Ruang-ruang interaksi remaja kita saat ini
dominan oleh perbincangan mengenai tetek-bengek HP. Para santri pesantren yang
mayoritas remaja akan sulit dibendung dari filtrasi "virus
sensitif teknologi" semacam
demam HP ini. Tanpa
mengesampingkan kegunaan positif dari alat komunikasi semacam HP, potensi
negatif alat tersebut akan sangat kasat mata di tangan para santri. Lebih-lebih
di tengah maraknya peredaran video-video compress mesum yang dengan mudah
disimpan dan dipertontonkan melalui HP.
Ancamannya tidak main-main bagi dunia pesantren
badai kemerosotan moralitas yang luar biasa. Situasi yang serba terbuka saat
ini akan menyulitkan para pengasuh pesantren untuk mengambil langkah-langkah preventif
(pencegahan) yang efektif sekalipun. Potensi merusak dari tehnologi
komunikasi semacam HP, lambat tapi pasti, akan menemukan momentumnya untuk
menghantam telak nilai-nilai tradisi pesantren. Selama ini dampak tehnologi
yang mempertontonkan adegan-adegan mesum relatif dapat dilokalisir, namun
kehadiran HP mengakibatkan tayangan-tayangan pornografi dan pornoaksi dapat
dengan mudah menyusup ke ruang-ruang privat tanpa dapat dikontrol lagi.

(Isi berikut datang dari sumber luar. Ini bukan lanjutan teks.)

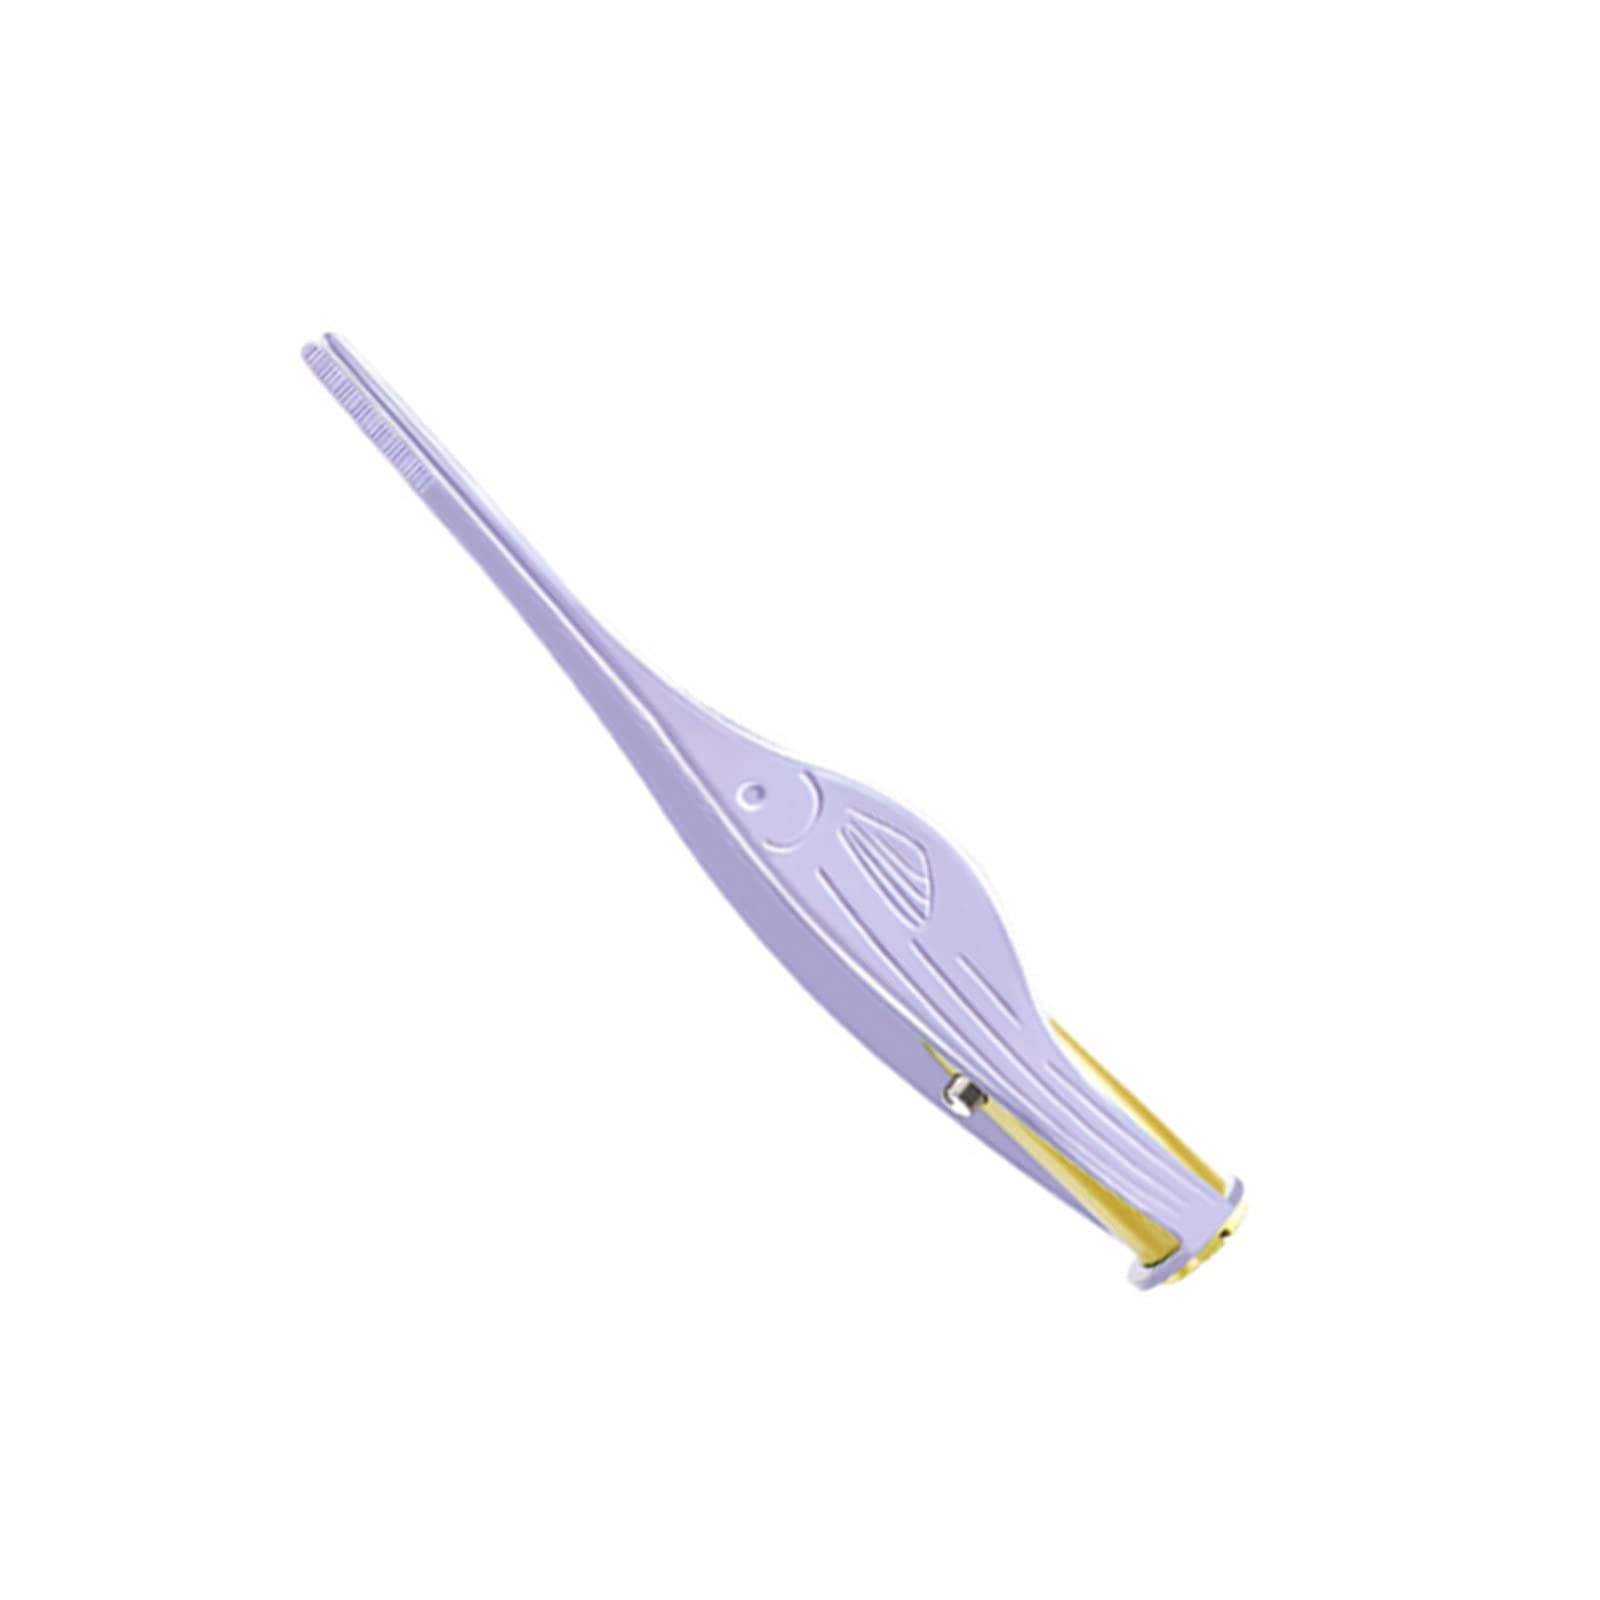 RAYFFSFDC LEDライト付き耳かき ピンセットローズゴールド 耳掃除 子供用 極細先端 ステンレス製 ピンセットタイプ ミミ光棒 はっきり見える (パープル)

Pemerintah yang seharusnya dapat berperan
membendung akses-akses utama pornografi dan pornoaksi, jauh dari harapan yang
dapat digantungkan oleh dunia pesantren.
Dengan demikian, pesantren tidak boleh termangu untuk mengatasi bahaya laten teknologi informatika. Pesantren harus proaktif memikirkan dan mengambil langkah-langkah nyata untuk mengendalikan atau controlling. Dampak kehadiran alat teknologi semacam HP tersebut. Salah satu langkah nyata yang dapat diambil adalah terus menumbuhkembangkan sikap kedewasaan dan tanggungjawab para santri.
Dengan demikian, pesantren tidak boleh termangu untuk mengatasi bahaya laten teknologi informatika. Pesantren harus proaktif memikirkan dan mengambil langkah-langkah nyata untuk mengendalikan atau controlling. Dampak kehadiran alat teknologi semacam HP tersebut. Salah satu langkah nyata yang dapat diambil adalah terus menumbuhkembangkan sikap kedewasaan dan tanggungjawab para santri.
Cara mengucilkan para santri dari dunia teknologi
justru akan menjadikan para santri pribadi-pribadi yang gugup dan gagap
terhadap perkembangan jaman terutama teknologi dan pada gilirannya hanya akan
mengantar mereka menjadi pemuja-pemuja tehnologi tanpa bekal pengetahuan yang
memadai mengenai aspek negatifnya. Para orang tua juga tidak dapat tinggal
diam. Mereka harus turut aktif dan berupaya dengan keras untuk mengontrol
perilaku generasi-generasi penerusnya. Sinergi semua pihak akan sangat membantu
dalam menghadapi efek-efek negatif modernisasi.